Le gouvernement ouvert, une réponse aux dérives de la démocratie ?

La France co-préside l’OGP depuis octobre 2016 pour un an aux côtés de l’ONG World Resources Institute. À ce titre, elle a accueilli le 4e Sommet mondial du Partenariat qui s’est déroulé du 7 au 9 décembre 2016 à Paris, lors duquel France Stratégie a animé une table ronde « Le numérique peut-il renouveler la démocratie européenne ? »[1].

Le gouvernement ouvert concrètement

Les initiatives relevant du gouvernement ouvert visent :

  • l’amélioration de l’accès à l’information relative aux gouvernements et aux administrations ;
  • la participation des citoyens à l’élaboration et à l’évaluation des politiques publiques ;
  • l’intégrité de l’action publique et des agents publics ;
  • l’utilisation des nouvelles technologies en faveur de l’ouverture et de la redevabilité.

En accord avec ces principes, l’OGP promeut l’open data, c’est-à-dire la publication de données détenues par la puissance publique dans des formats ouverts et réutilisables. En Uruguay, par exemple, la publication sur le site « ATuServicio.uy » de certaines données relatives aux services de santé, comme le temps d’attente, la satisfaction des usagers ou le prix des soins, a permis d’améliorer ces services et d’en faciliter l’accès aux usagers. Entre février et mars 2015, plus de 34 000 accès aux données ont été comptabilisés, sur une population de 3,5  millions de personnes.

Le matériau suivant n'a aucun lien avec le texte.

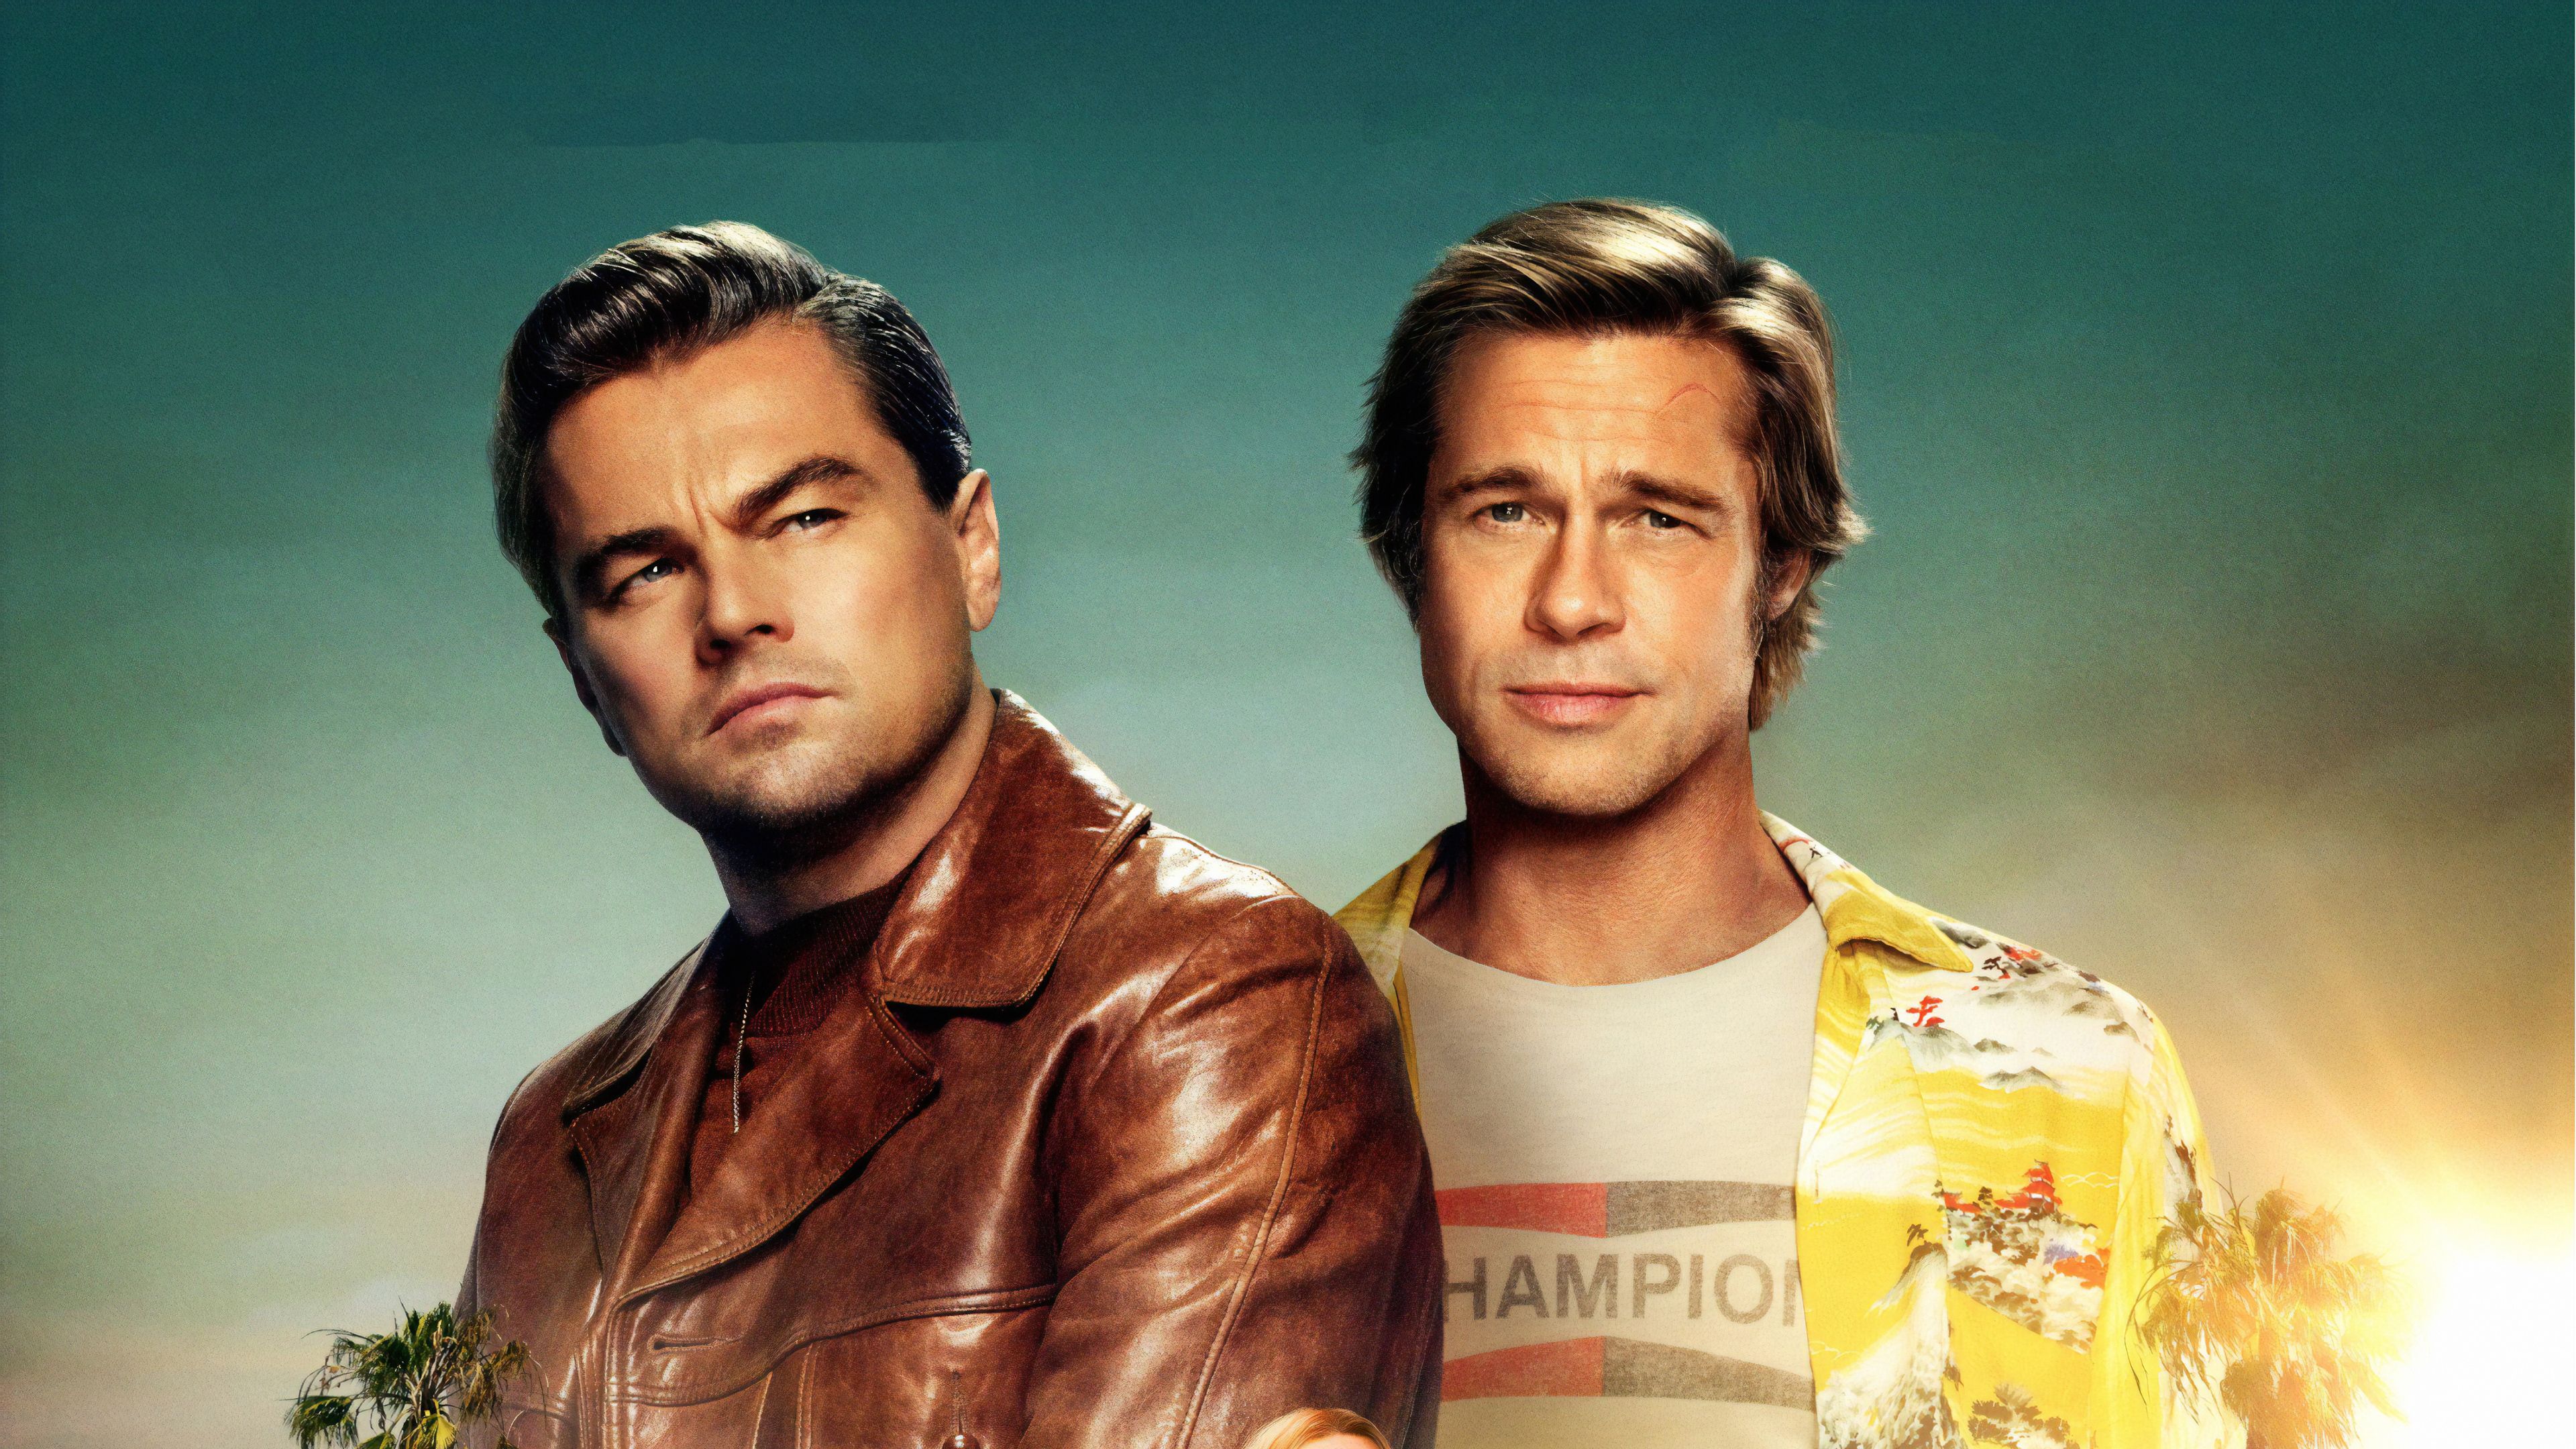 Once Upon A Time In Hollywood 4k 2019 4k HD 4k Wallpaper, Image, Background, Photo and Picture

Le partenariat soutient également la numérisation des services publics comme vecteur de la transparence et de l’efficacité de l’action publique, comme en Croatie où tout un environnement numérique a été créé afin de faciliter les démarches administratives des citoyens et de leur permettre aussi de prendre part à l’élaboration des politiques publiques. Une quarantaine de e-services sont aujourd’hui accessibles sur la plateforme « eGradjani » (eCitoyen), réunissant plus de 350 000 visiteurs uniques qui ont généré plus de 8 millions de demandes entre juin 2014 et janvier 2017[2].

La dimension participative est une dimension forte des projets soutenus par le partenariat. Ainsi, le Danemark a été récompensé pour la mise en place de « conseils de citoyens seniors »[3] pour qu’ils participent à l’élaboration des politiques publiques locales. Aux Pays-Bas, les citoyens de la municipalité de Tilburg ont été mis à contribution pour l’évaluation de la valeur de leur bien immobilier sur laquelle est basée la taxe foncière, ce qui a permis de diminuer le nombre de recours, de libérer du temps de travail pour les agents publics, mais aussi d’accroître la compréhension des citoyens et la confiance qu’ils ont dans le service public.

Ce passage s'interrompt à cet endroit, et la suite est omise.